# Mummified Fairy



## willyqpublic (Jun 27, 2008)

I saw this link on fark.com and thought it was perfect for this forum. The link goes to the original artist.

http://www.shadowmanor.com/blog/?page_id=4666


----------



## Rahnefan (May 1, 2009)

That's a great website. I think they linked to a Ghoul Friday project once?

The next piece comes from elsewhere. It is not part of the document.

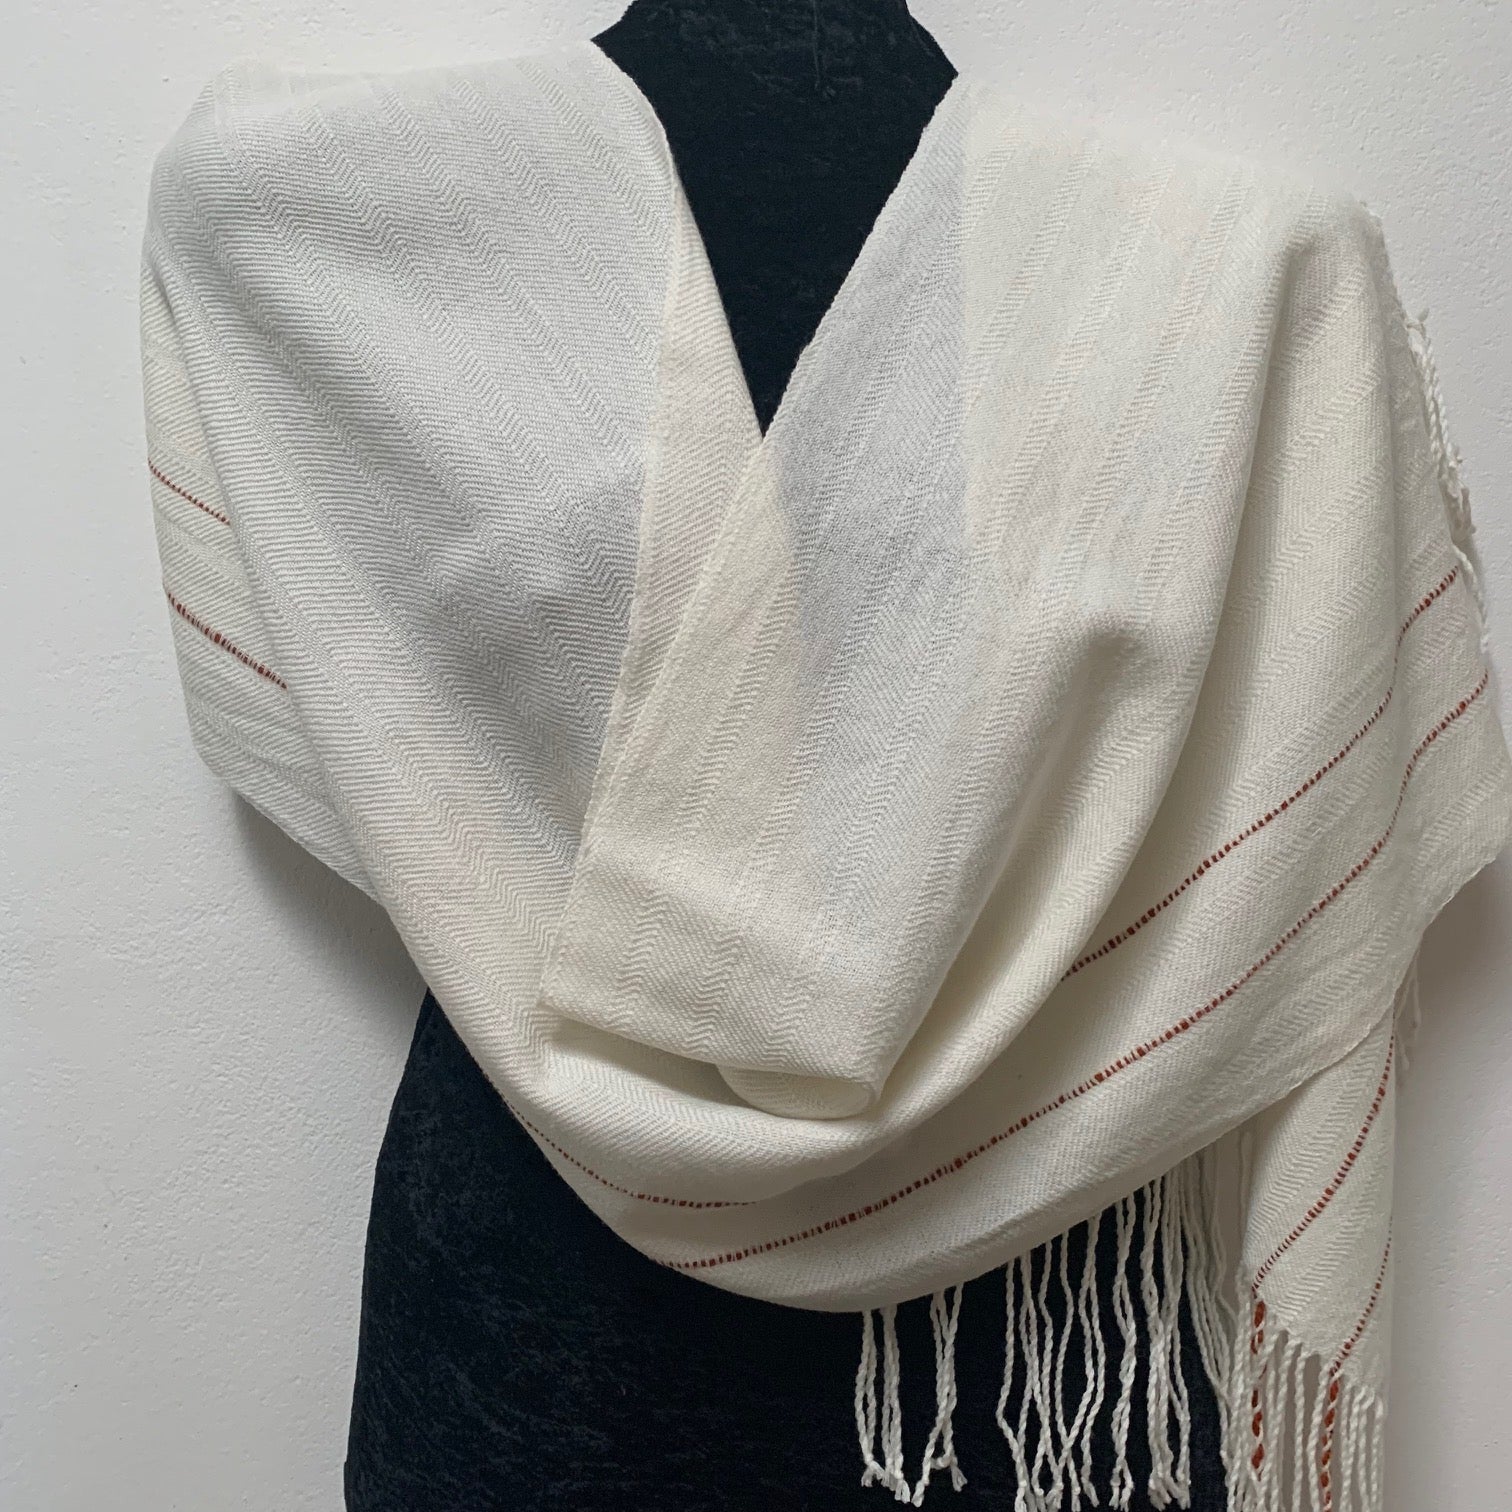 Handwoven scarf in wool by Helen Wilder

EDIT: Love that they included artifacts with it, like the bow and quiver.


----------



## beelce (Jul 21, 2007)

That is cool Will....


----------



## Bone Dancer (Oct 7, 2005)

Thanks for the link


----------



## Lady Nyxie (Aug 30, 2006)

Unique. I like it.


----------



## 2dragon (Aug 10, 2008)

oooo cool


----------



## The Archivist (May 31, 2009)

Nice, saved to the Archives.


----------



## Silent Requiem (Feb 17, 2008)

as soon as i saw this i went out and got everything. as soon as i find where my glue gun ran off to, i'm making one!


----------



## si-cotik (Aug 14, 2009)

Thanks for the link!


----------



## Aquayne (Sep 1, 2008)

I'm working on a Side show theme. I found this old thread and was amazed. Does anyone have directions for a "Figi Mermaid" etc.


----------



## Alucard (Jul 21, 2009)

That's a great "quicky" for rainy days!


----------



## GothicCandle (Mar 26, 2007)

ooo cool. I posted a long time ago about someone who made mummified fairys, but they didn't tell you how to do it. Very cool!


----------



## Aquayne (Sep 1, 2008)

This is my version of a captured and forgotten fairy.


----------



## Aquayne (Sep 1, 2008)

I love this little lady. She seems so sad.


----------



## Aquayne (Sep 1, 2008)

This shows scale. She is a little thing.


----------



## Aquayne (Sep 1, 2008)




----------



## RoxyBlue (Oct 6, 2008)

Those wings are beautiful, Aquayne. And she is indeed a sorrowful creature.


----------



## Aquayne (Sep 1, 2008)

this is a detail of the wings


----------



## RoxyBlue (Oct 6, 2008)

Okay, that got a "wow" from me


----------



## Aquayne (Sep 1, 2008)

She started out on a string of halloween skeleton garland from the Dollar Tree. I used the techniques presented in the first link. Covered the body with panty hose material then covered it with latex. I used a tube of caulking that is "easy water clean up" untill dry. I mix it with a few tablespoons of water to make it thin as browny mix. then paint it on with a small brush. How glue works well with these little guys.


----------



## Aquayne (Sep 1, 2008)

the wings are from the internet. I found a photo of an Atlas Moth. copied the image then made one original and one mirror image then glued the pages together then cut out with scissors. Wrinkling the paper adds a lot of realism.


----------



## Aquayne (Sep 1, 2008)

I am working on a Figi mermaid now. It wont be as convincing as the fairy but it is fun to make.


----------



## Aquayne (Sep 1, 2008)

Thanks Roxy, 
It is fun to have show and tell.


----------



## Aquayne (Sep 1, 2008)




----------